The problem
Please restate the data that follows word for word, with the pictures left out.

Supplied material
++++
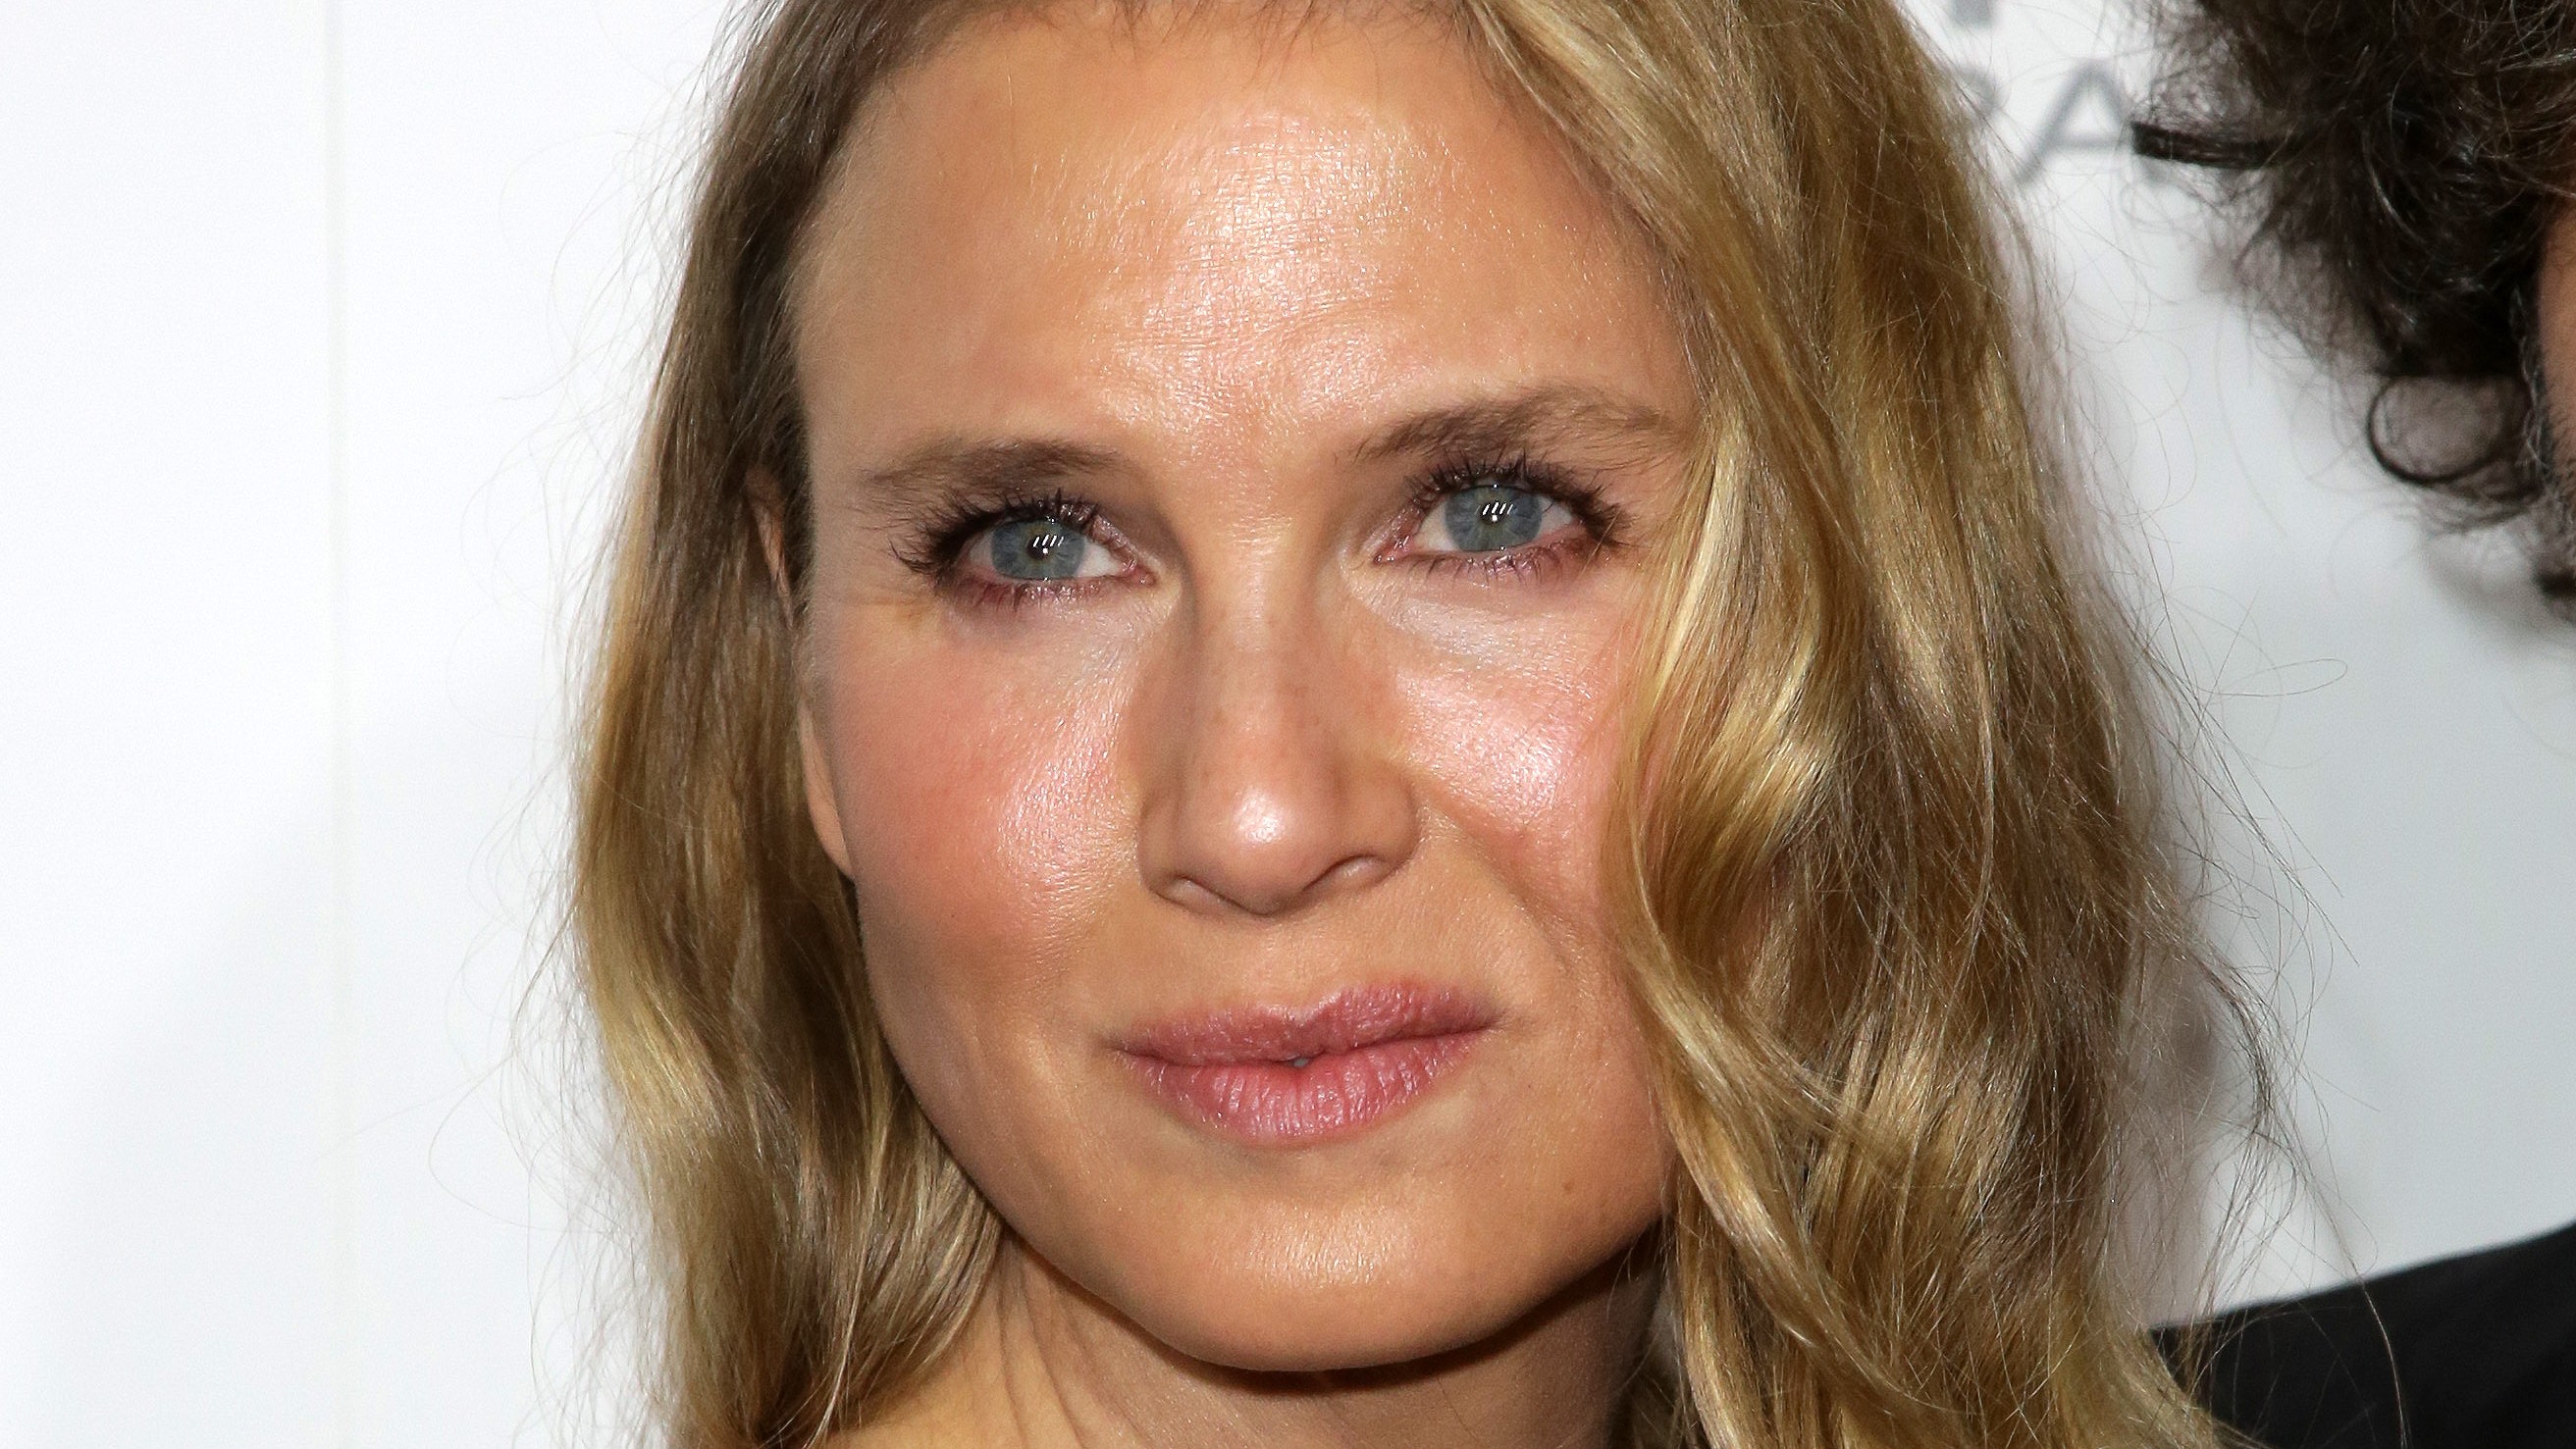 The Zellweger effect: is she trying to erase her Norwegian roots?
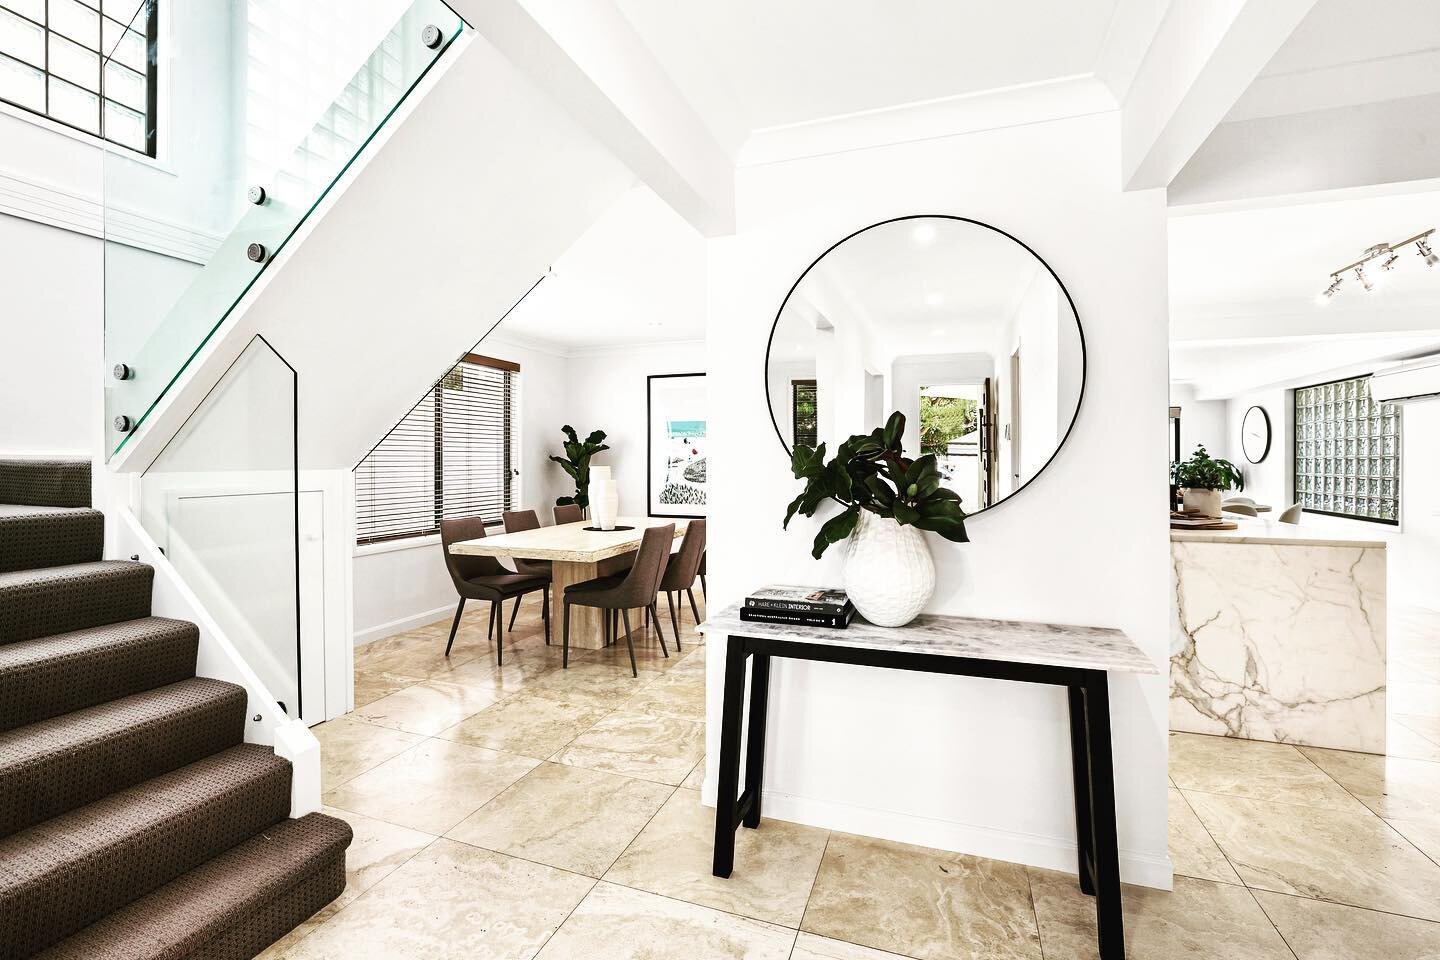 ENTRY: The first room the buyer will see, we make it count! ✨
A mirror will add shape, reflect and bounce light into a space. #propertystyling #interiorstyling #styletosell #homestaging #thefinishingtouchstyling #mirror #entryfoyerstyling #entry
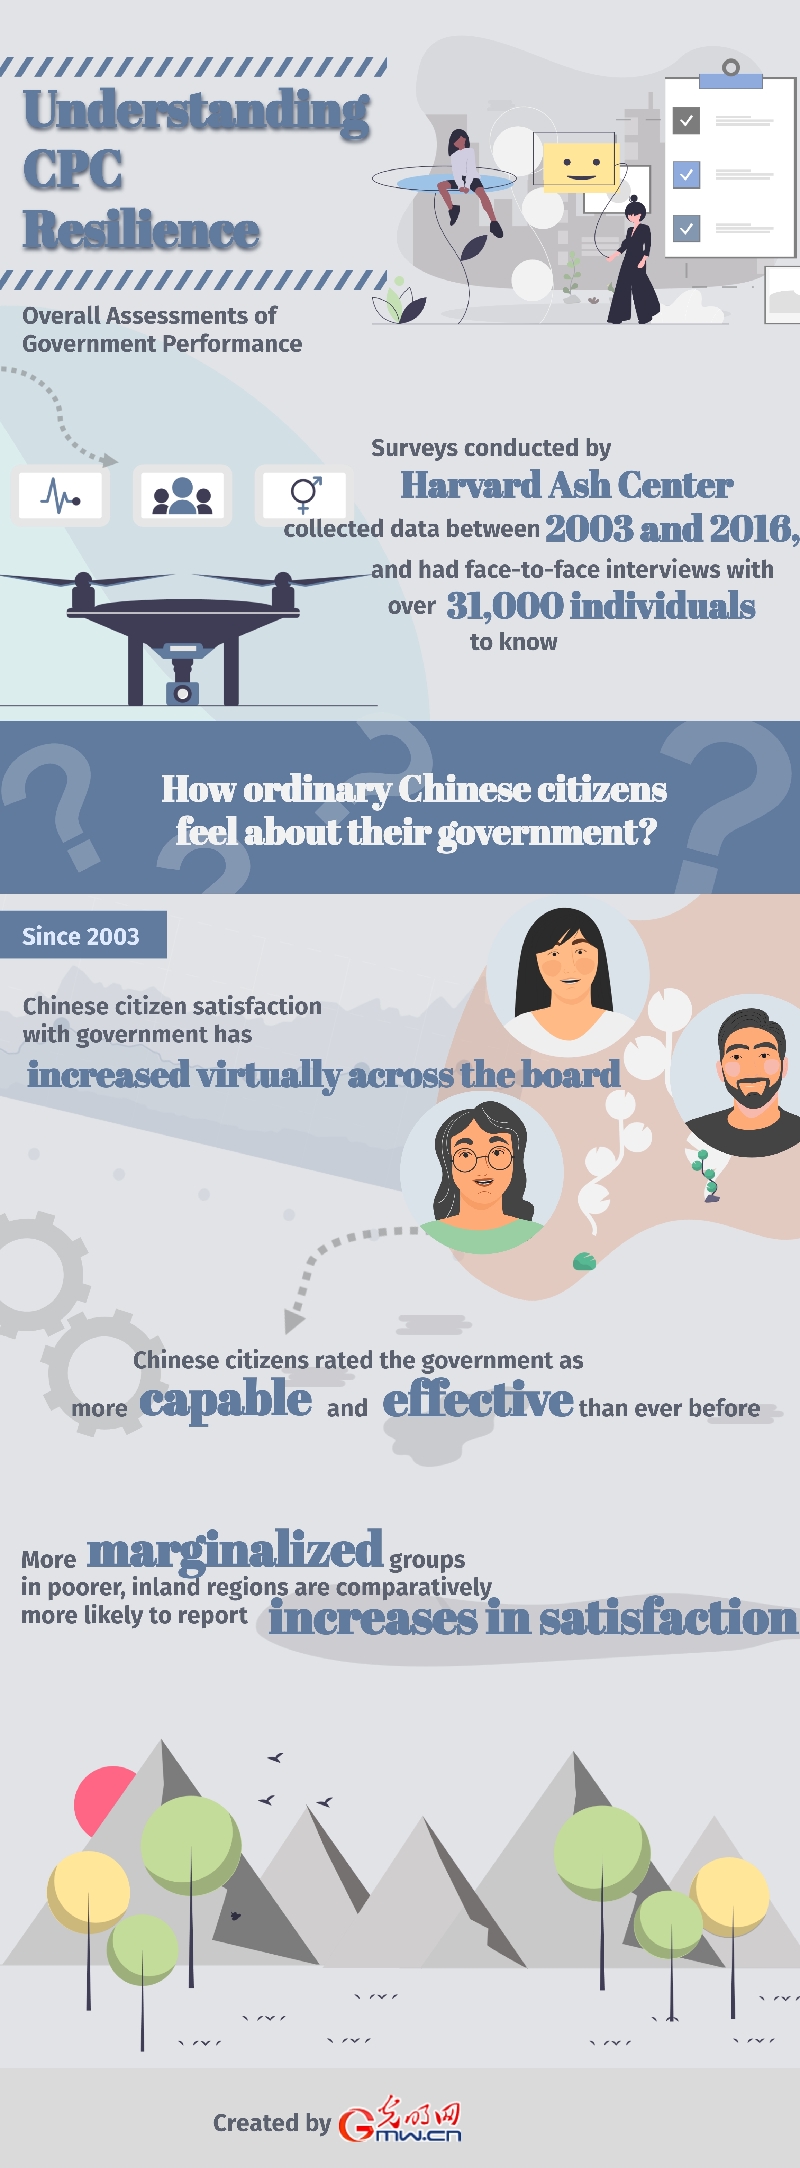 Infographic: How did ordinary Chinese citizens feel about their government?
++++
Your solution
 The Zellweger effect: is she trying to erase her Norwegian roots?
 ENTRY: The first room the buyer will see, we make it count! ✨
A mirror will add shape, reflect and bounce light into a space. #propertystyling #interiorstyling #styletosell #homestaging #thefinishingtouchstyling #mirror #entryfoyerstyling #entry
 Infographic: How did ordinary Chinese citizens feel about their government?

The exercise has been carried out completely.